Collection Management
CreateCollection
Creates a new independent vector index.
rpc CreateCollection (CreateCollectionRequest) returns (StatusResponse);
message CreateCollectionRequest {
string name = 1;
uint32 dimension = 2; // e.g. 1536, 1024, 64
string metric = 3; // "l2", "euclidean", "cosine", "poincare", "lorentz"
}
DeleteCollection
Drops a collection and all its data.
rpc DeleteCollection (DeleteCollectionRequest) returns (StatusResponse);
ListCollections
Retrieves all active collections for the current tenant, including their metadata.
rpc ListCollections (Empty) returns (ListCollectionsResponse);
message ListCollectionsResponse {
repeated CollectionSummary collections = 1;
}
message CollectionSummary {
string name = 1;
uint64 count = 2;
uint32 dimension = 3;
string metric = 4;
}
GetCollectionStats
Returns real-time statistics for a single collection.
rpc GetCollectionStats (CollectionStatsRequest) returns (CollectionStatsResponse);
message CollectionStatsResponse {
uint64 count = 1;
uint32 dimension = 2;
string metric = 3;
uint64 indexing_queue = 4;
}
Vector Operations
Insert
Ingests a vector into a specific collection.
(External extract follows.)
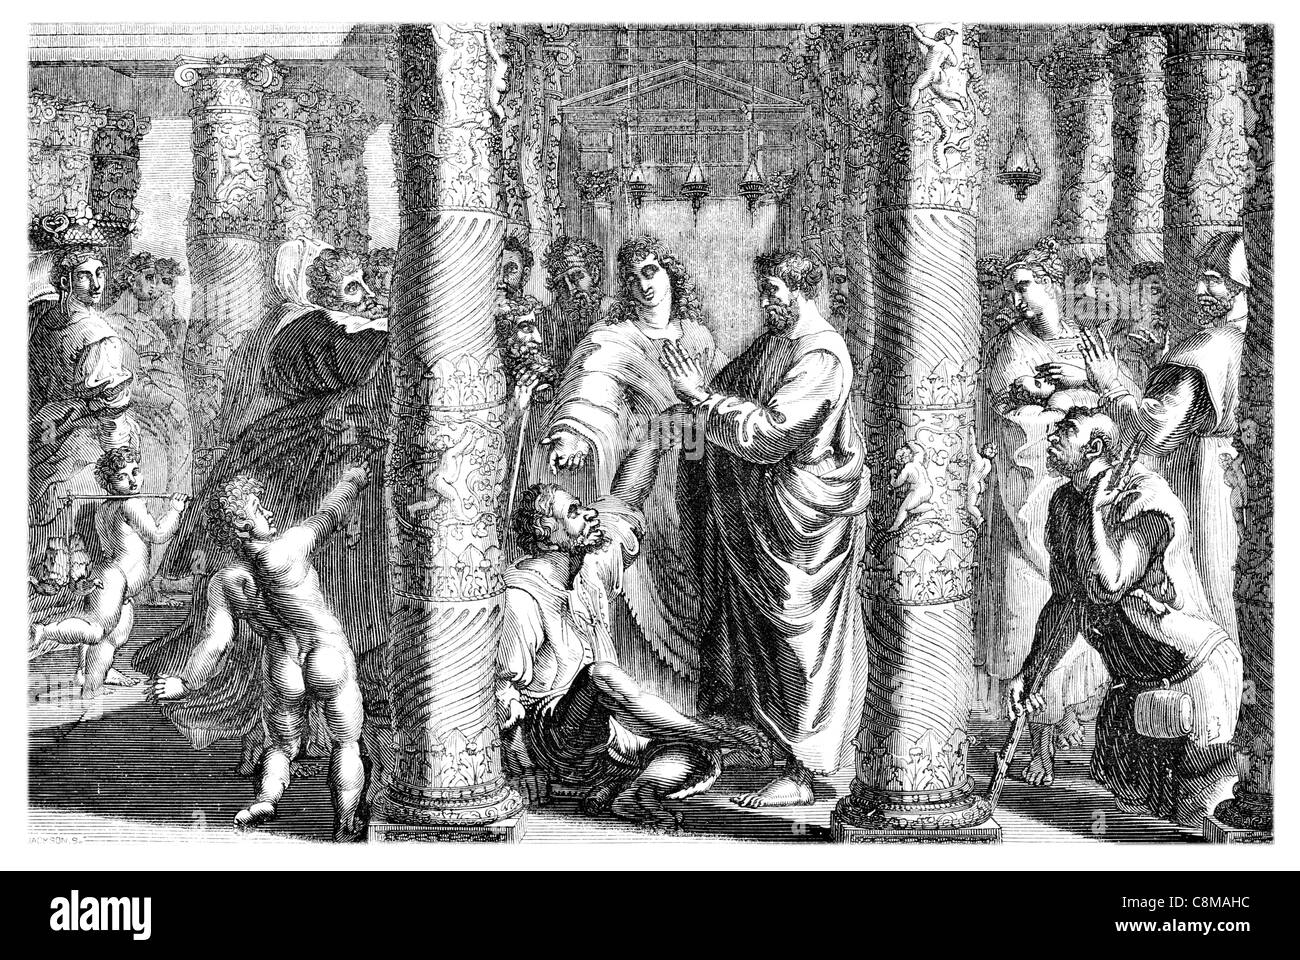 The Healing of the Lame Man Raphael Cartoons Victoria Albert Museum London High Renaissance Gospel Acts Apostle - Stock Image

rpc Insert (InsertRequest) returns (InsertResponse);
message InsertRequest {
string collection = 1; // Collection name
repeated double vector = 2; // Data point
uint32 id = 3; // External ID
map<string, string> metadata = 4; // Metadata tags
DurabilityLevel durability = 7; // Durability override
map<string, MetadataValue> typed_metadata = 8; // Typed metadata (int/float/bool/string)
}
enum DurabilityLevel {
DEFAULT_LEVEL = 0; // Use server config
ASYNC = 1; // Flush OS cache (Fastest)
BATCH = 2; // Background fsync (Balanced)
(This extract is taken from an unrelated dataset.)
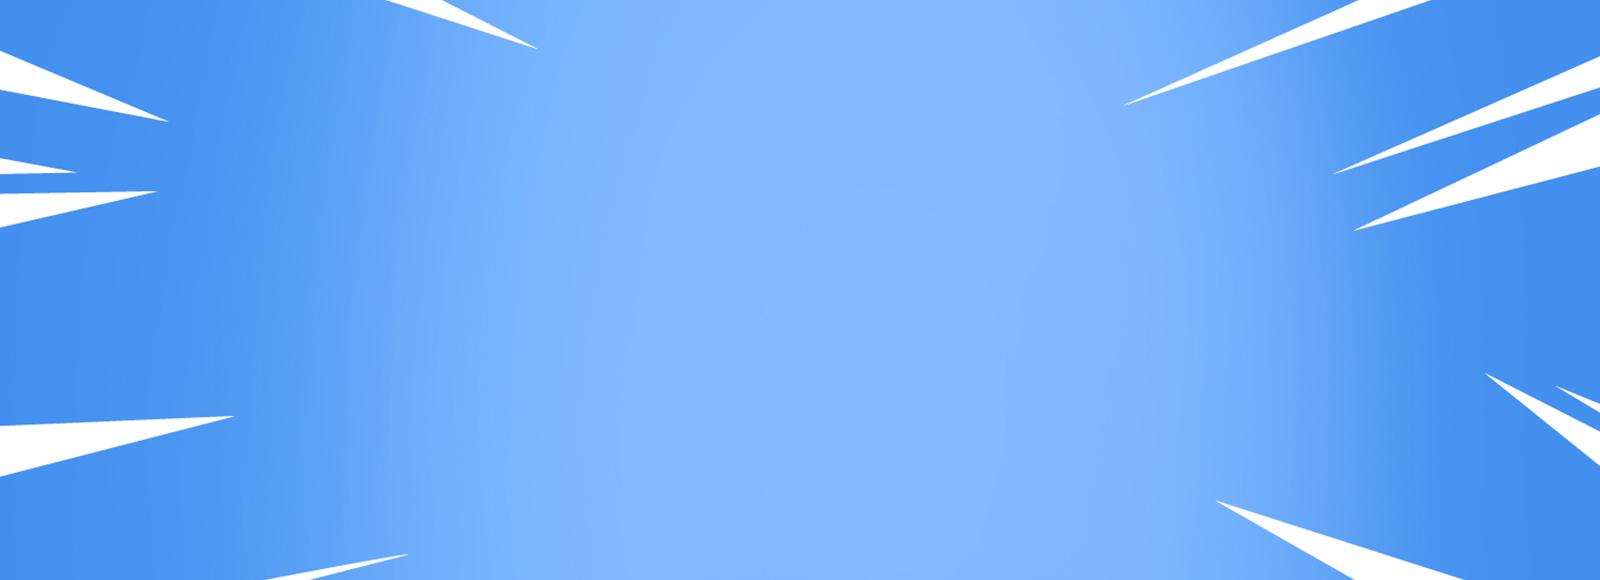 Fortnite Logo Blue Background | Aimbot Fortnite Que Es

STRICT = 3; // Fsync every write (High Safety)
}
typed_metadata is the preferred metadata path for new clients. String metadata remains as a compatibility path.
Search
Finds nearest neighbors.
rpc Search (SearchRequest) returns (SearchResponse);
message SearchRequest {
string collection = 1;
repeated double vector = 2;
uint32 top_k = 3;
// Metadata string filter (e.g. "category:book")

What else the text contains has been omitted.